| Exercise requirements |
A full, exact copy of the listing is needed, with images omitted.

| Data shown |
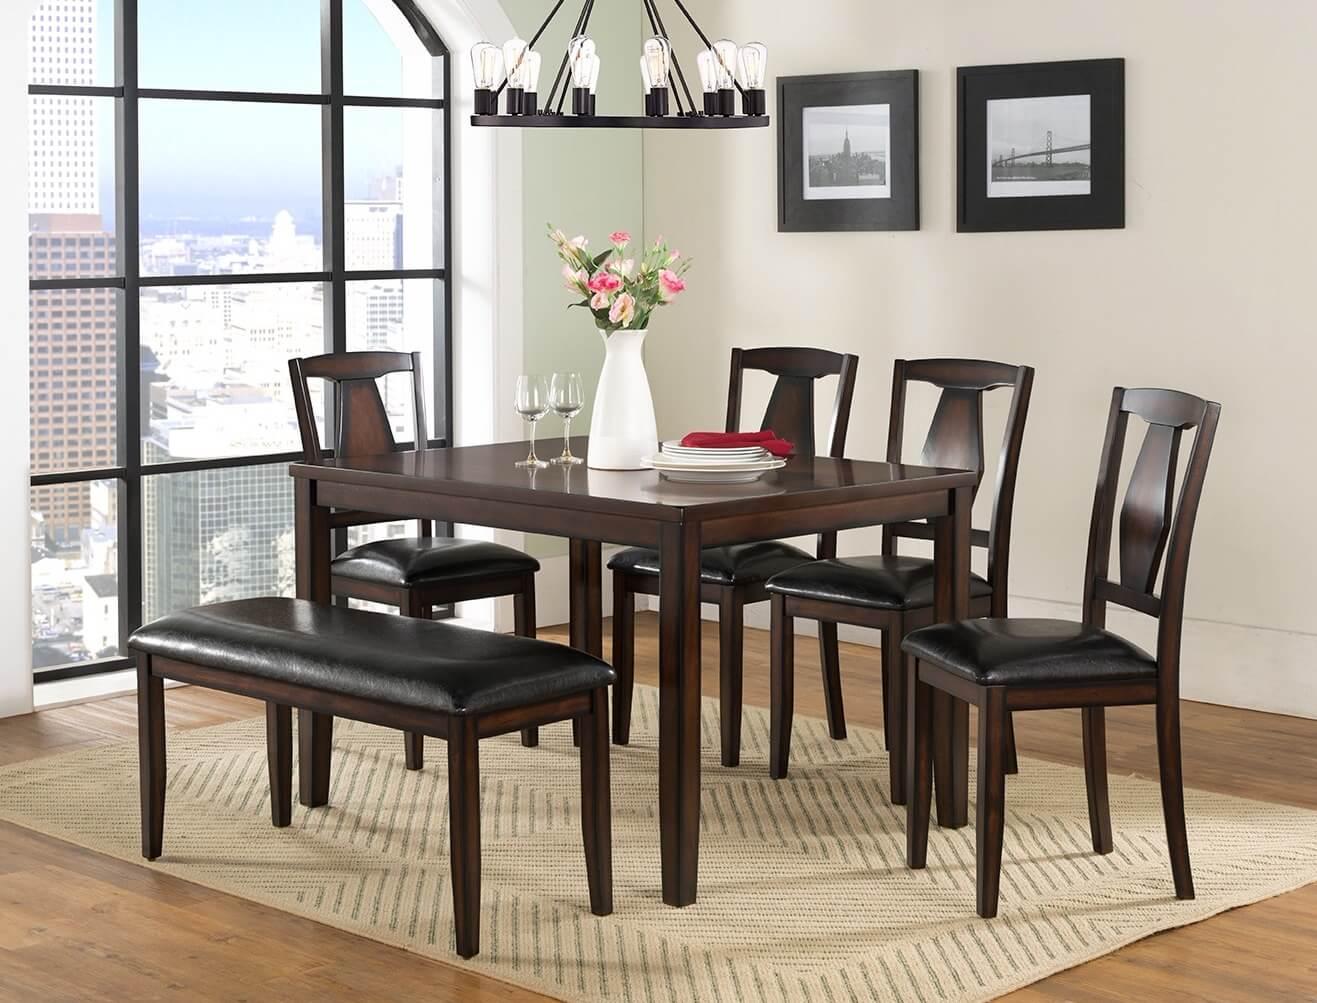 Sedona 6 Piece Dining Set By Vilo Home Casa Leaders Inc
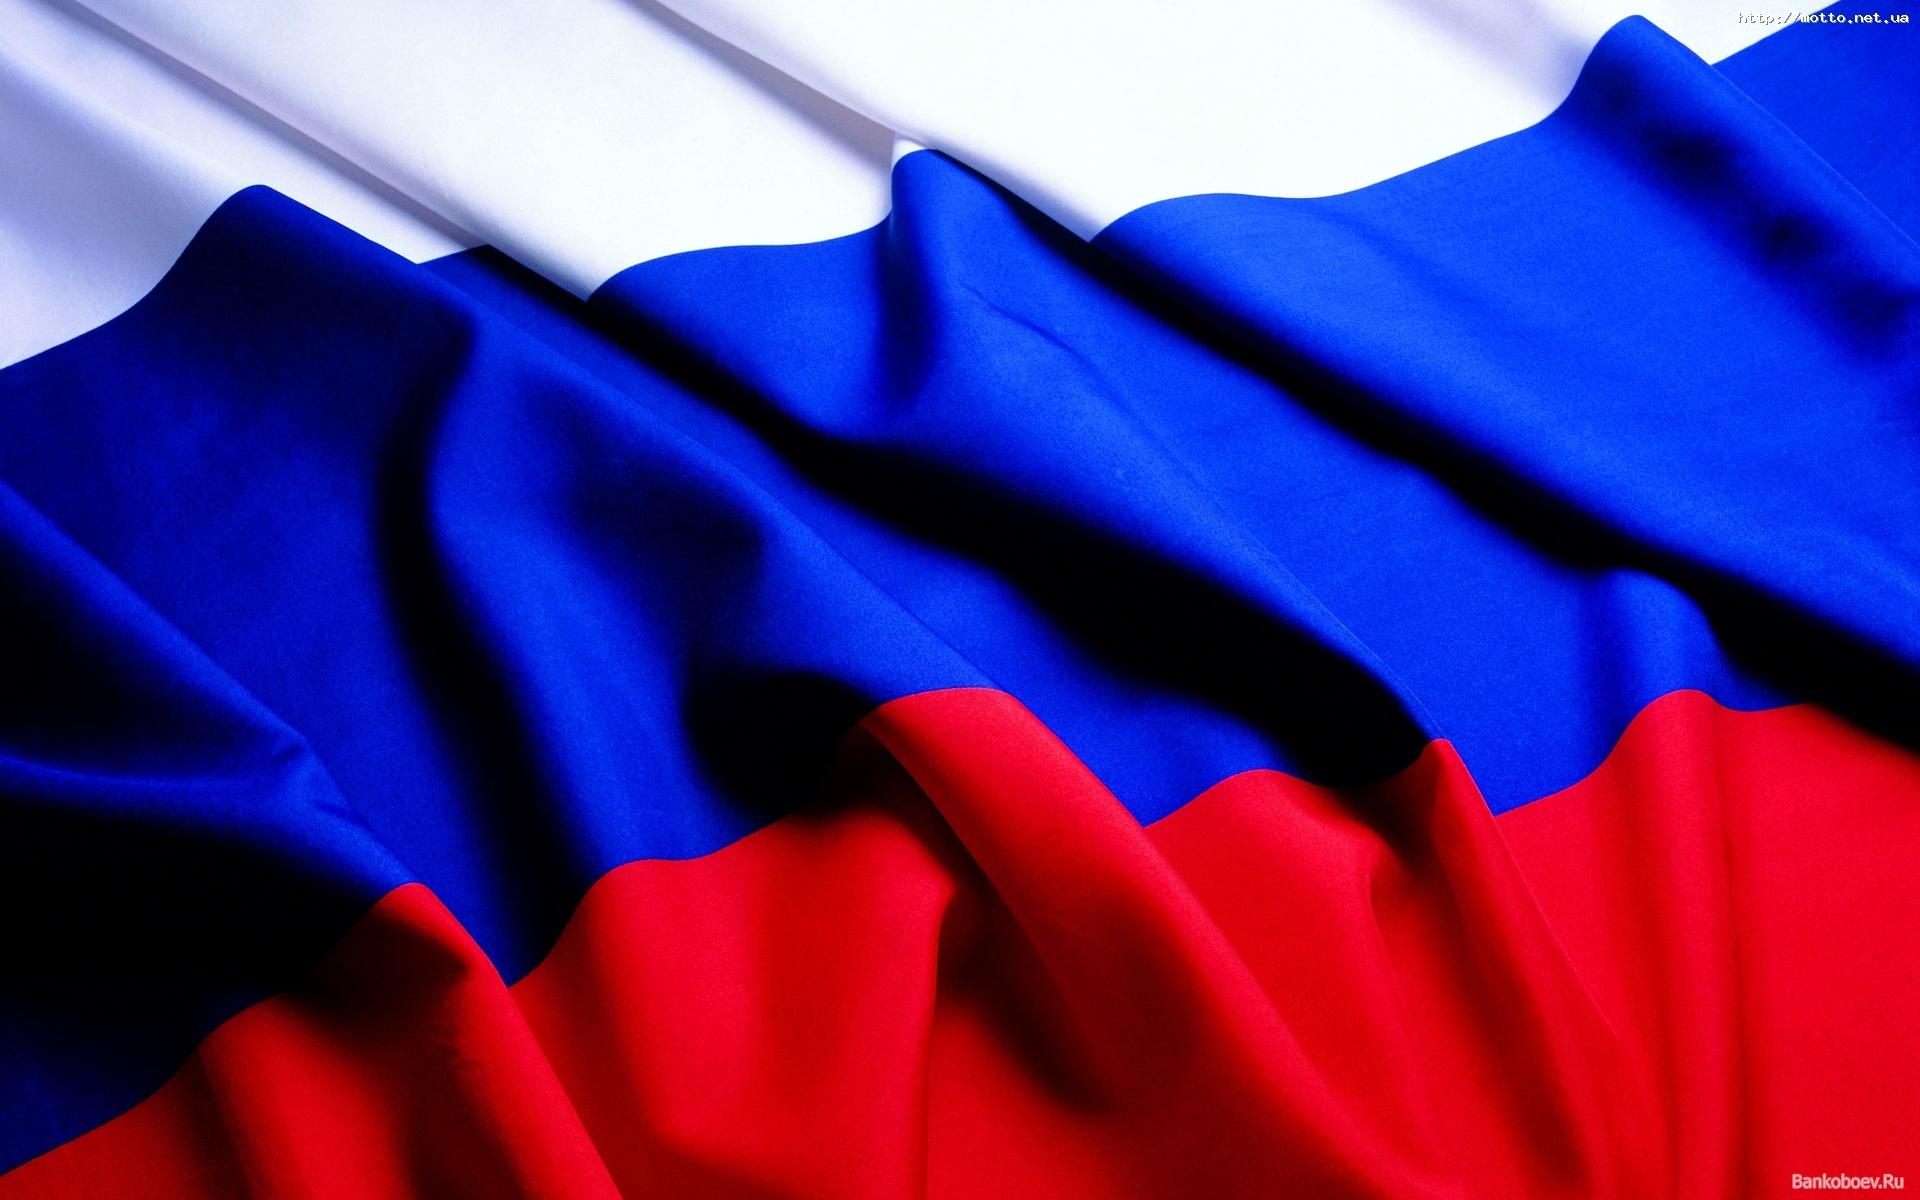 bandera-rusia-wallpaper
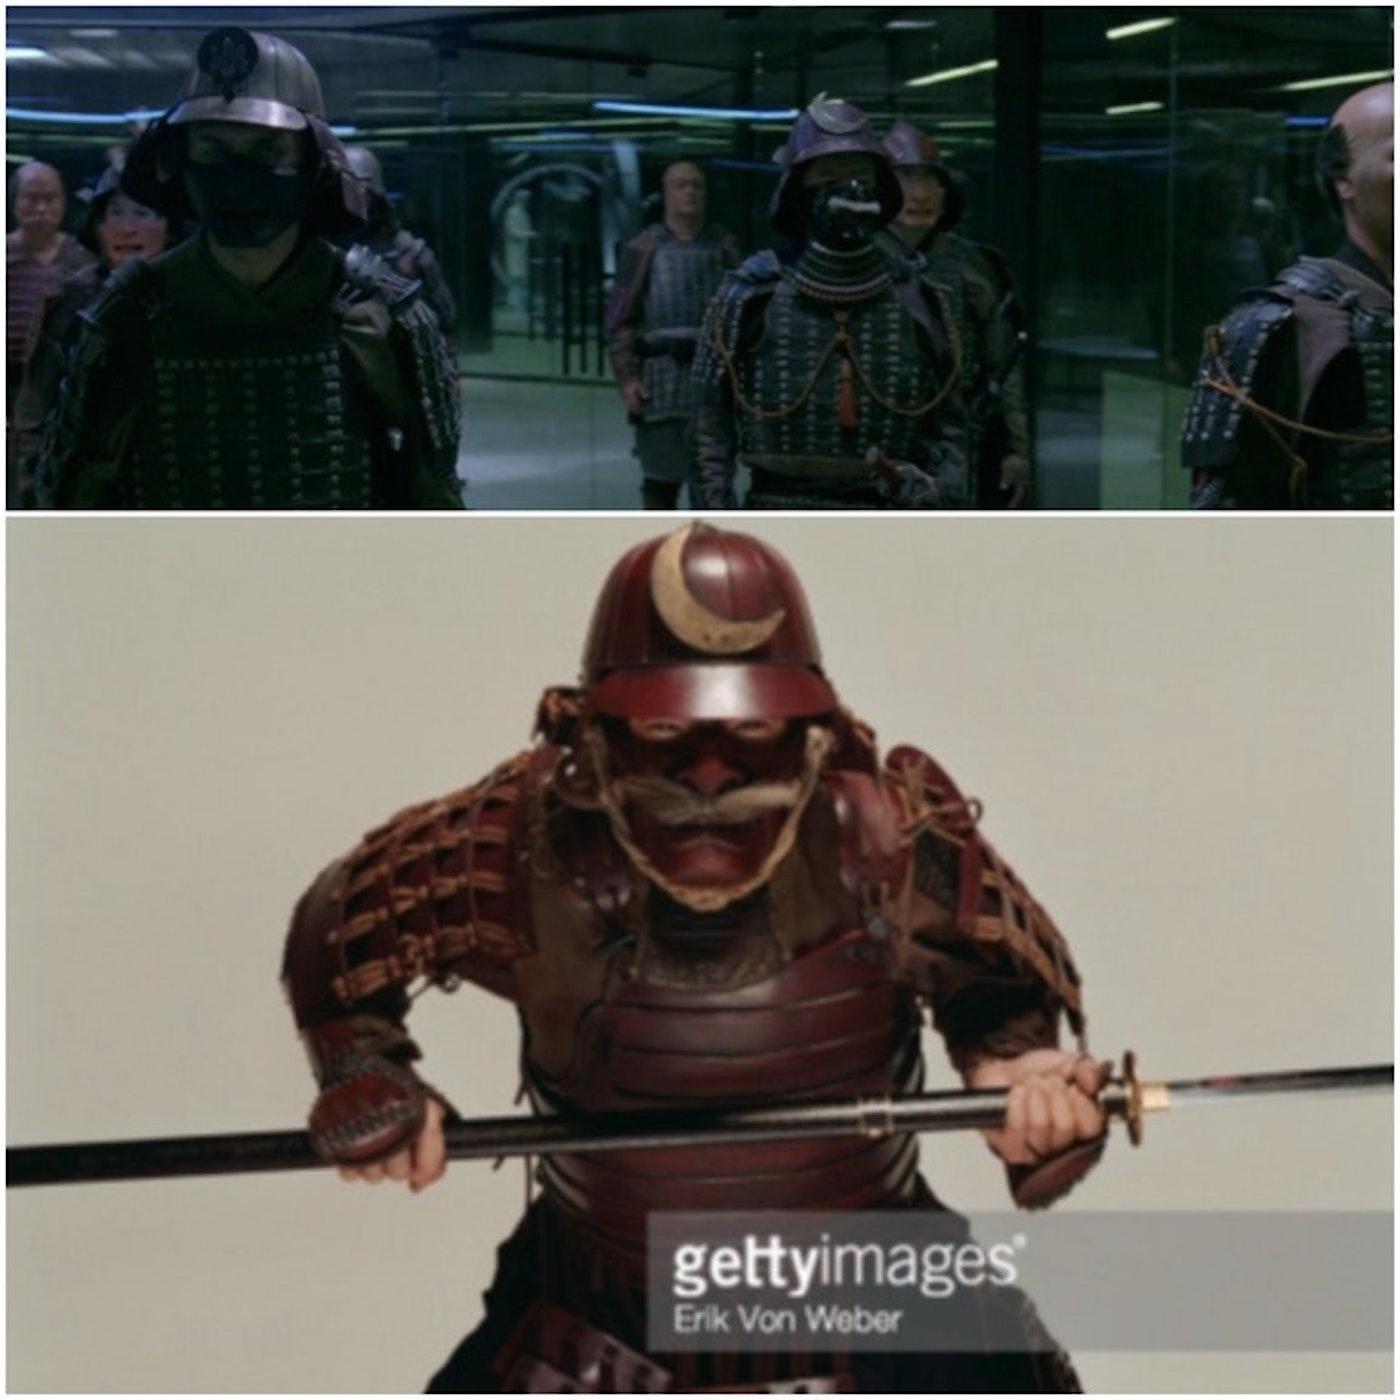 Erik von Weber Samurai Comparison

| Task answer |
 Sedona 6 Piece Dining Set By Vilo Home Casa Leaders Inc
 bandera-rusia-wallpaper
 Erik von Weber Samurai Comparison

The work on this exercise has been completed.